**Data provided:**

..........

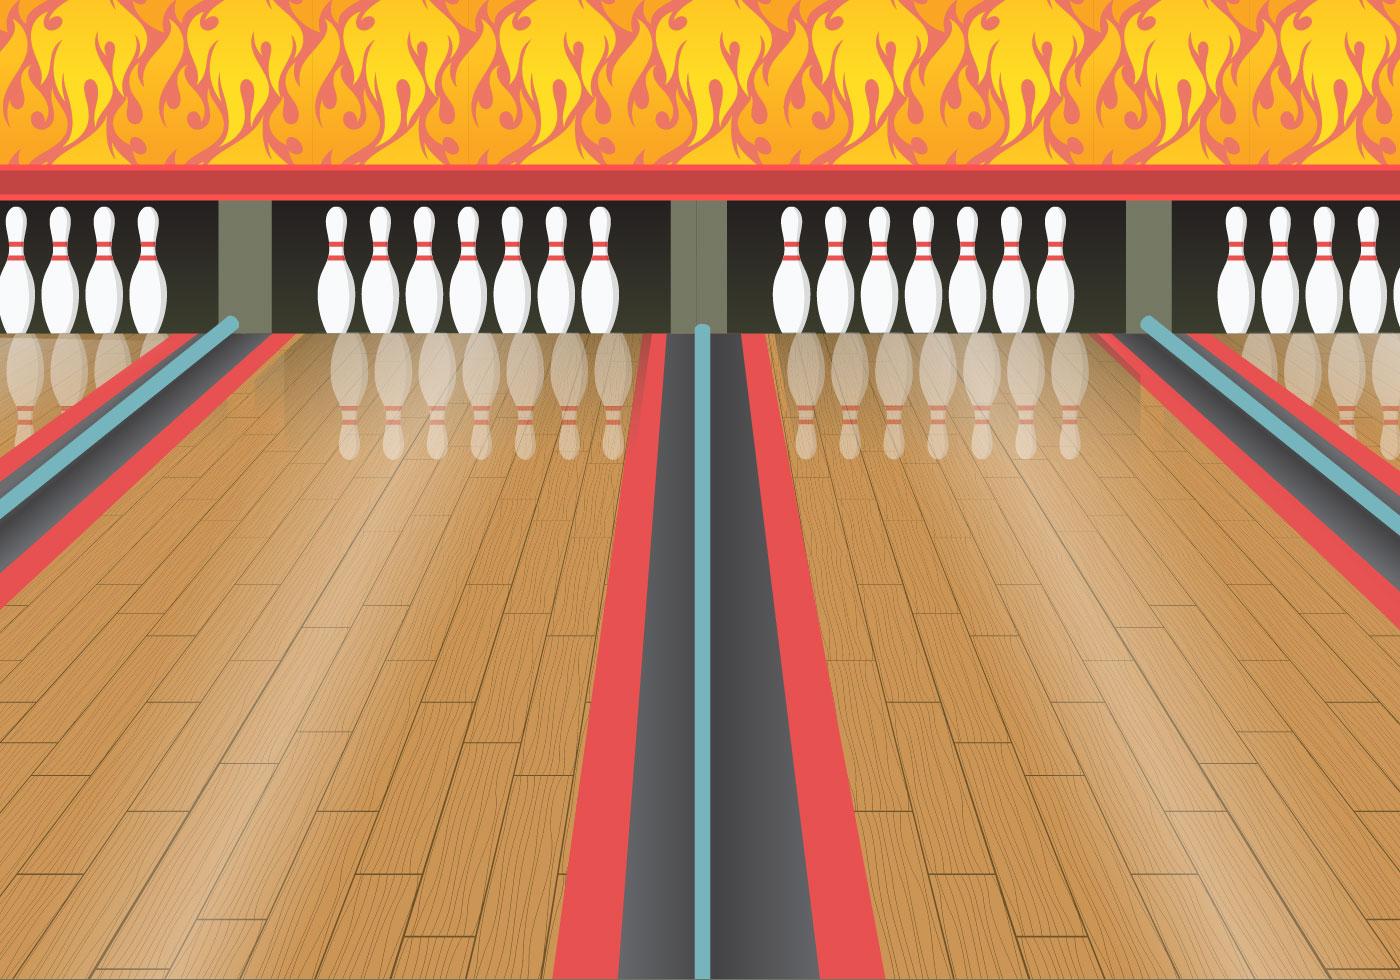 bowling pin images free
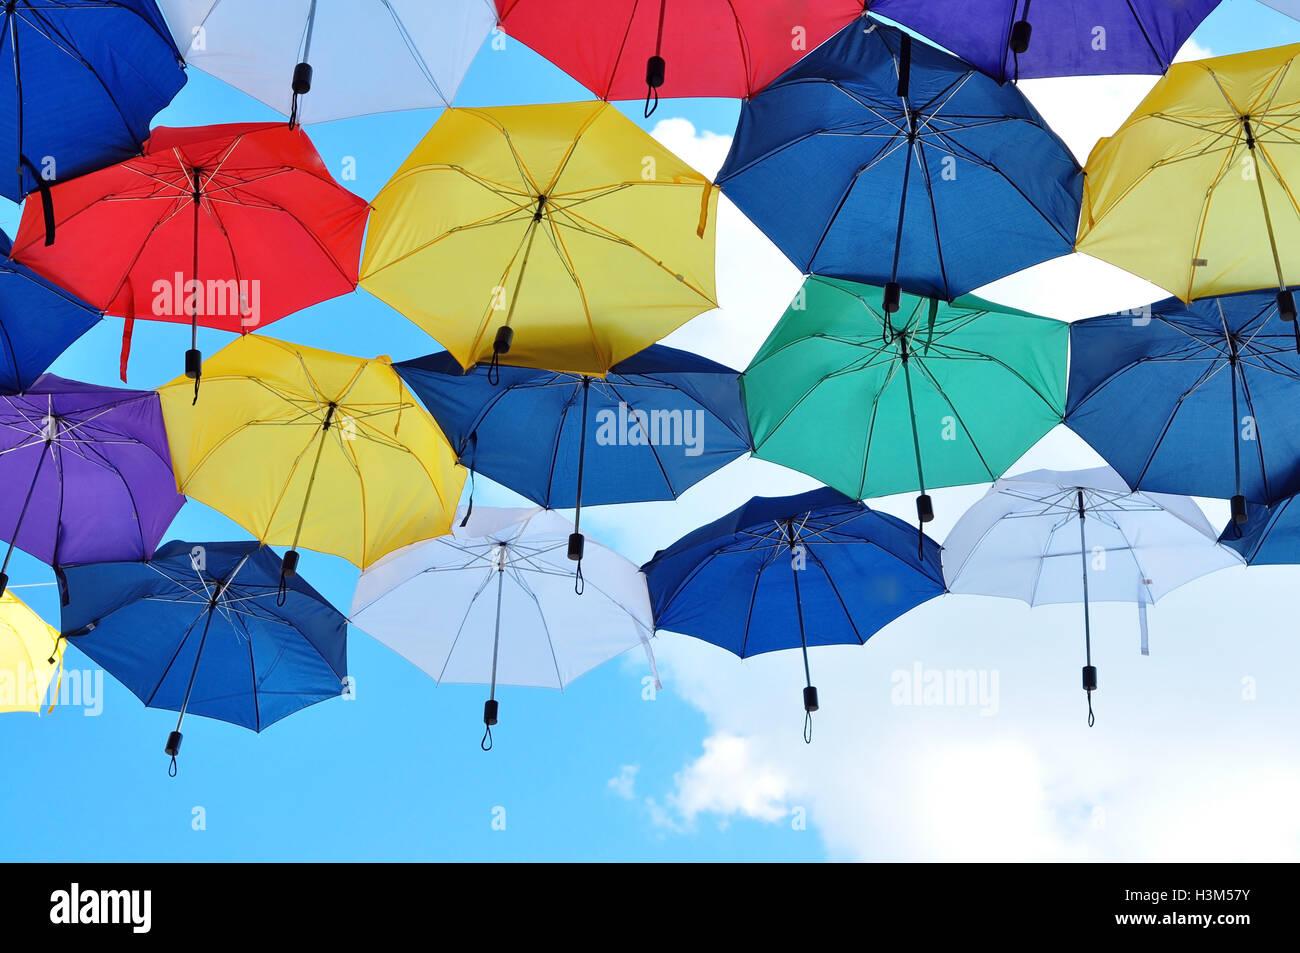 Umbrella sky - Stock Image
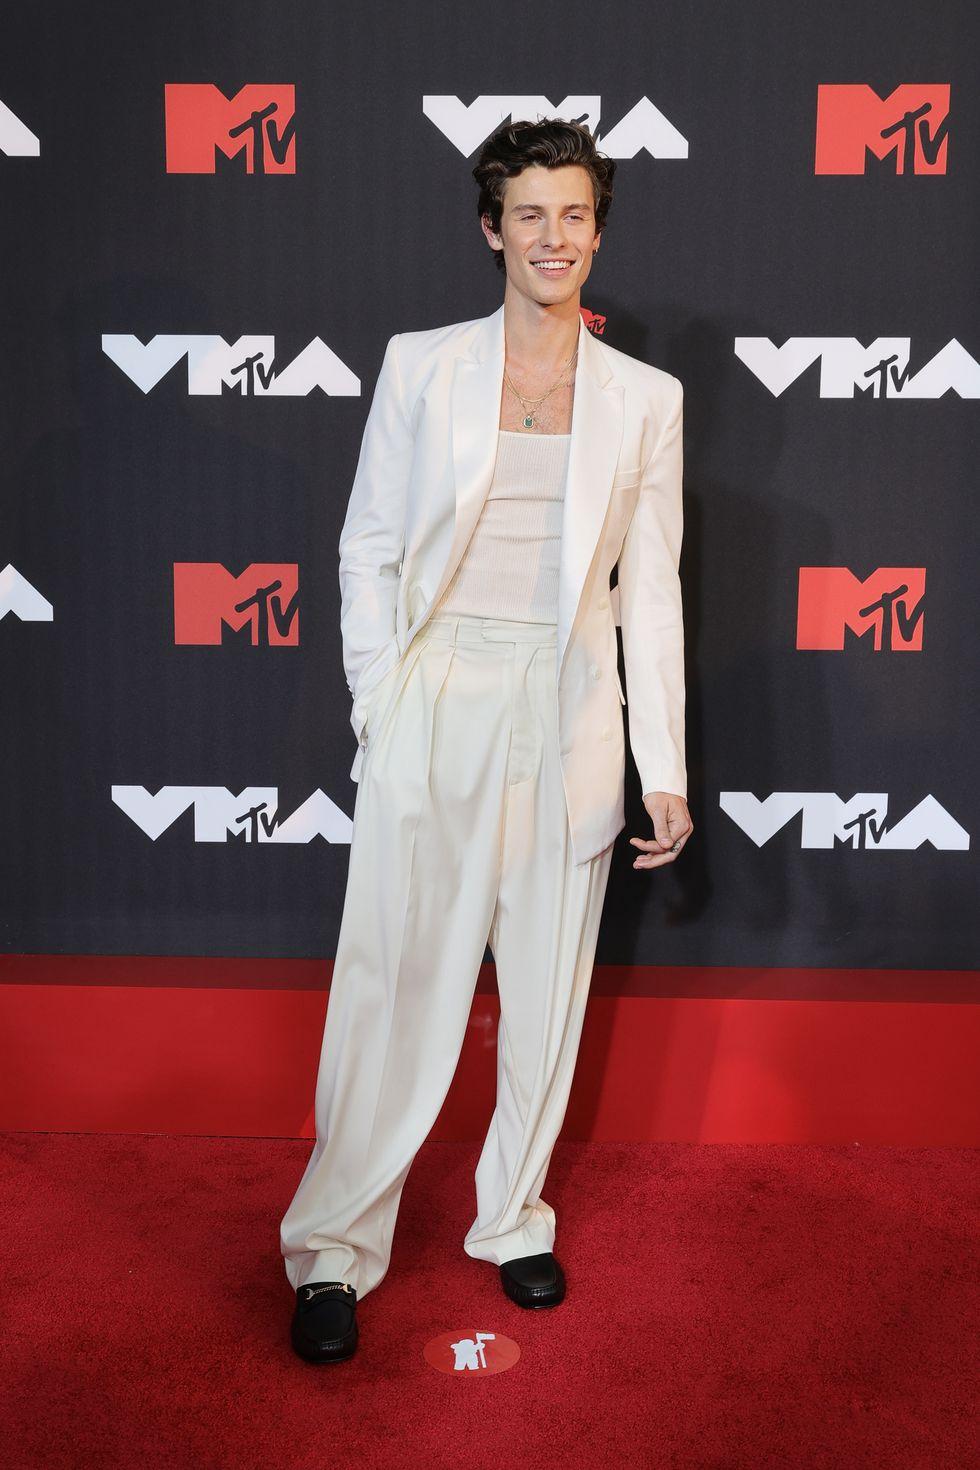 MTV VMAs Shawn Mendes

..........

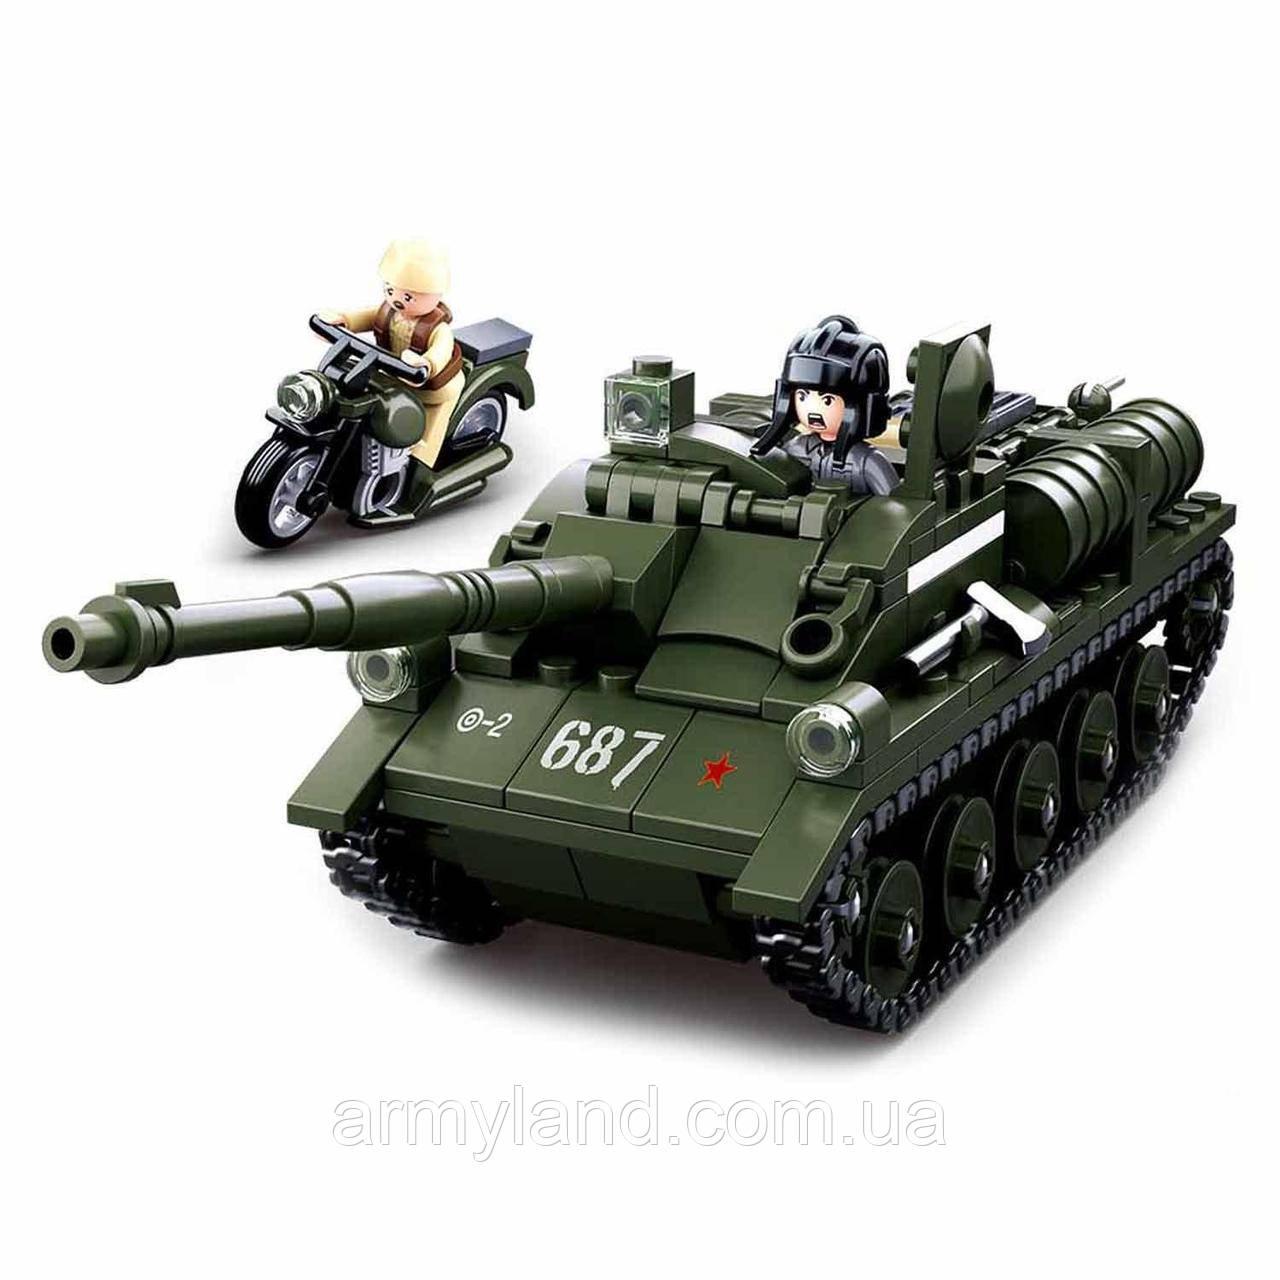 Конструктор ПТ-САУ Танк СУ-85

..........

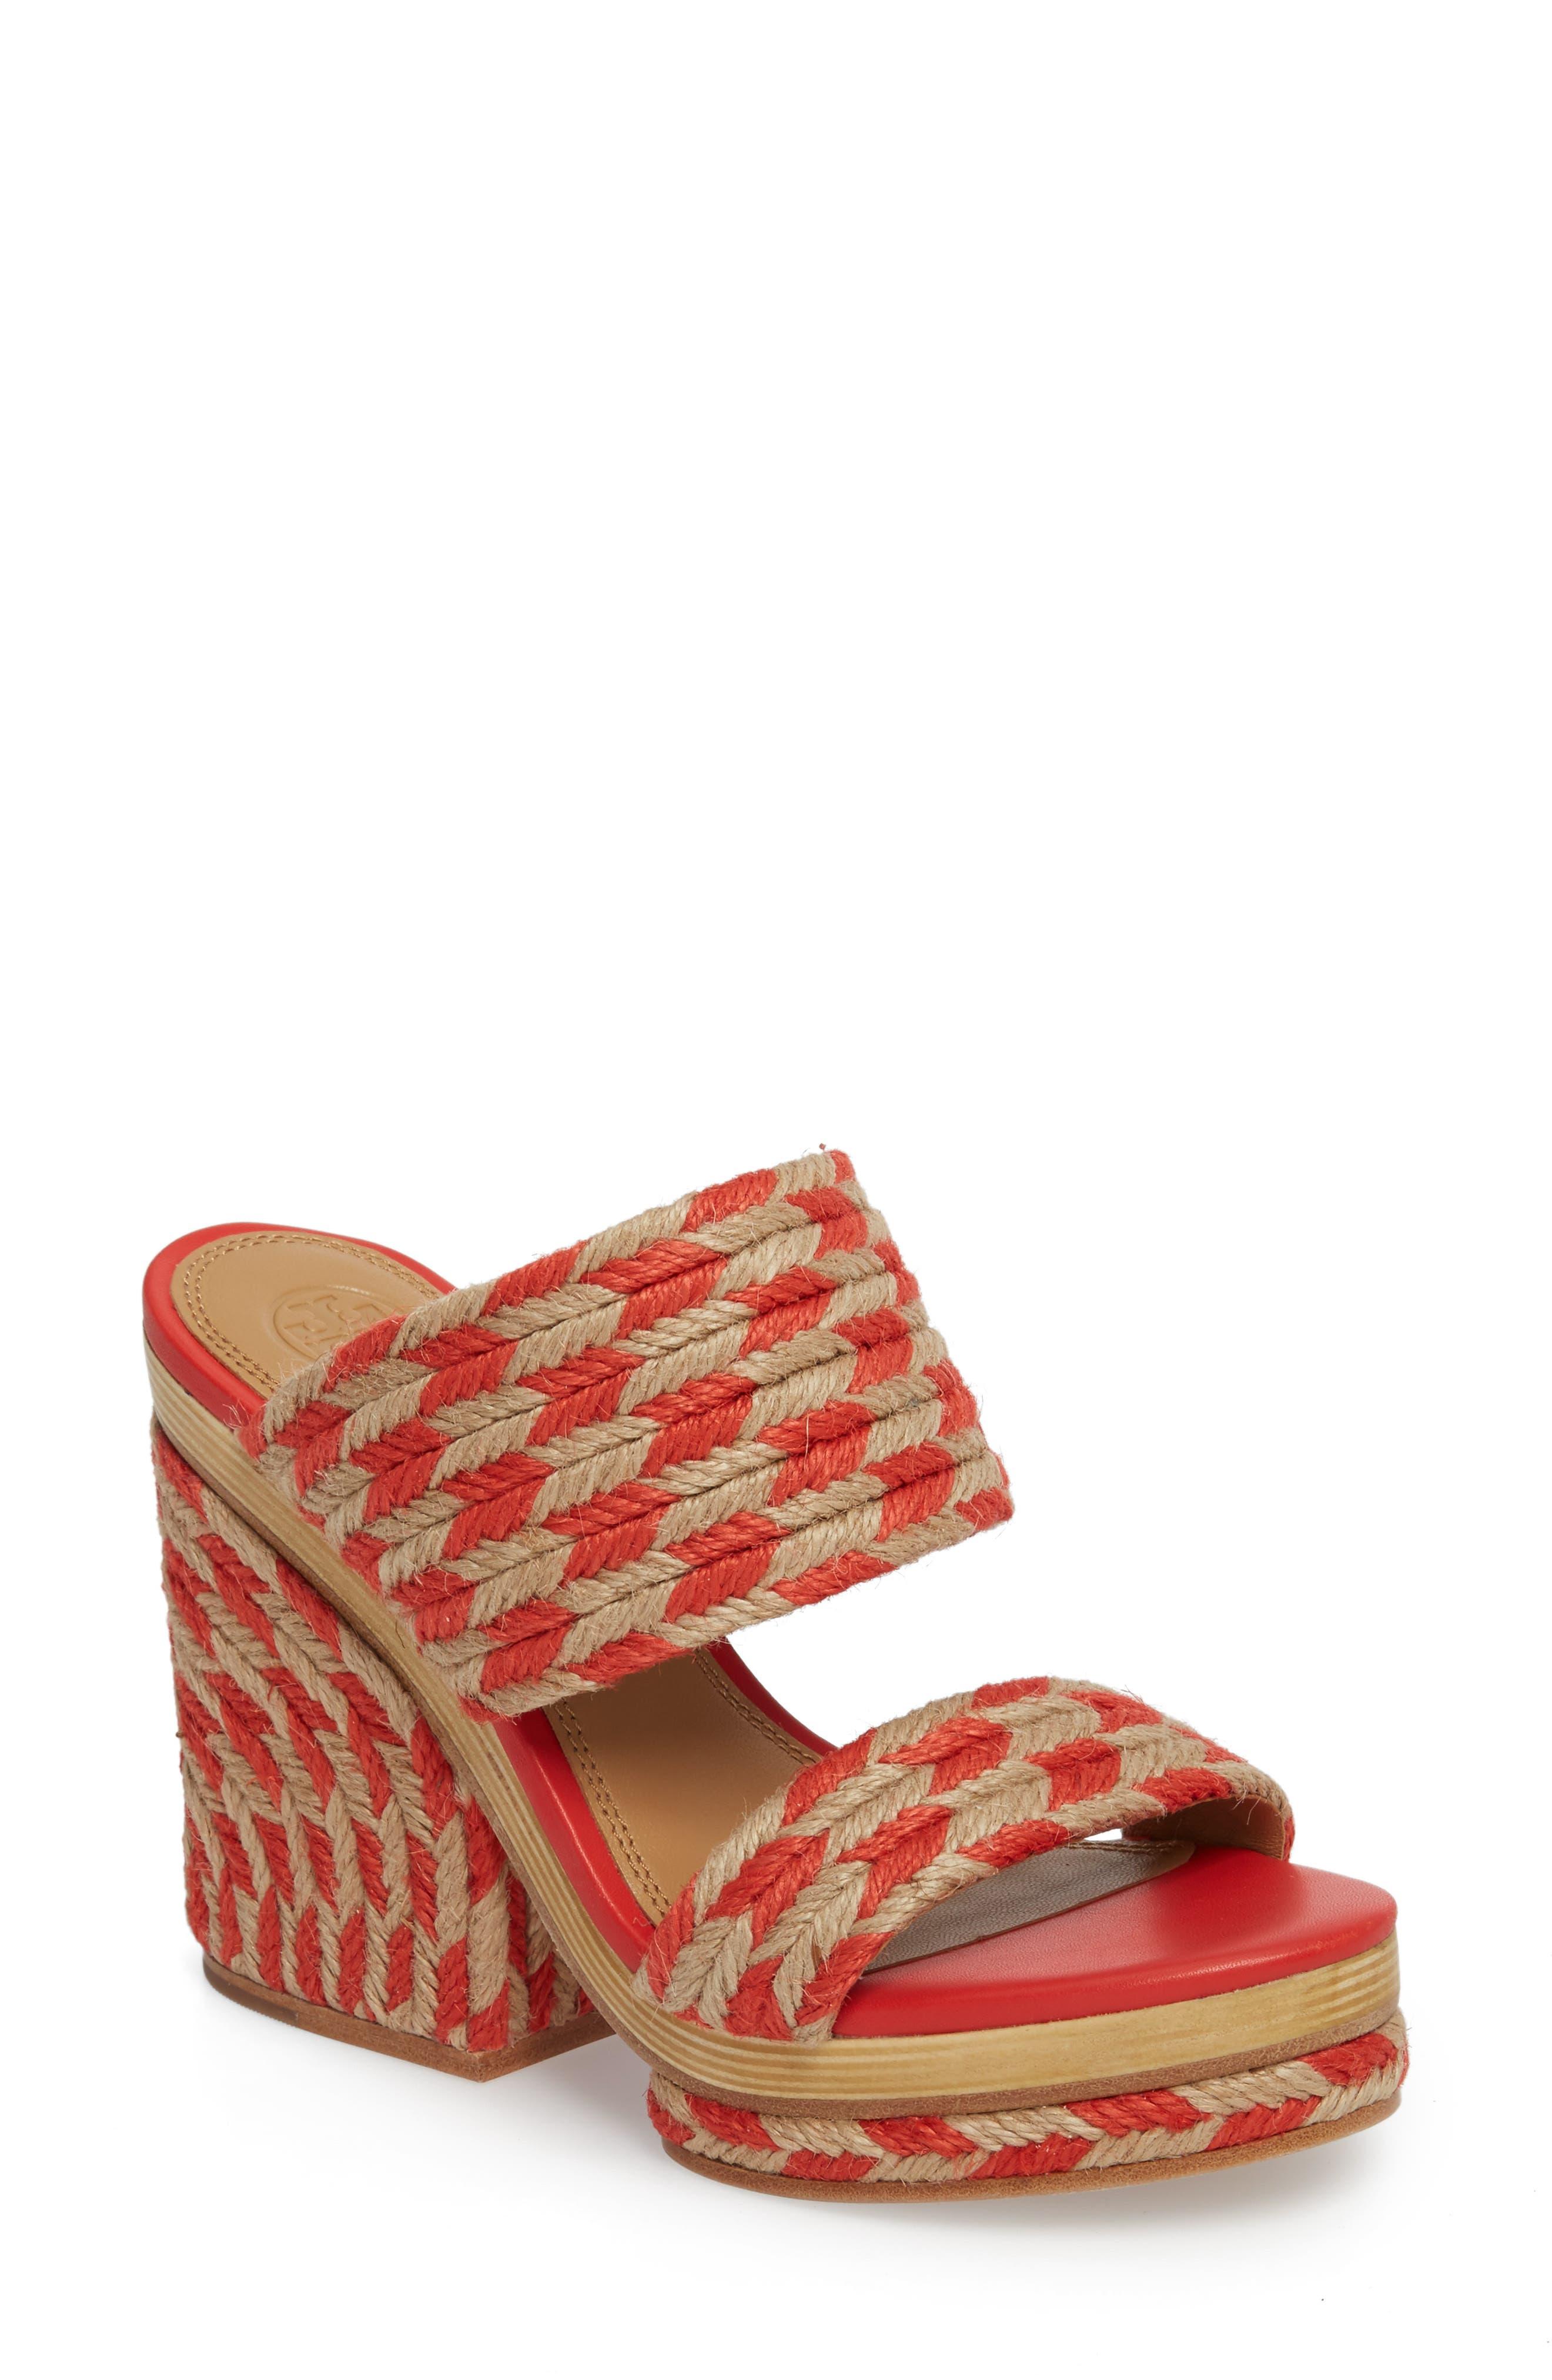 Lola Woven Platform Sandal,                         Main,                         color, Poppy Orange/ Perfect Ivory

..........

**Problem to work on:**
Here the job is to copy the stretch of records from the line containing "bowling pin images free" through the line containing "MTV VMAs Shawn Mendes", word for word. Leave every picture out.

**Result of the task:**
 bowling pin images free
 Umbrella sky - Stock Image
 MTV VMAs Shawn Mendes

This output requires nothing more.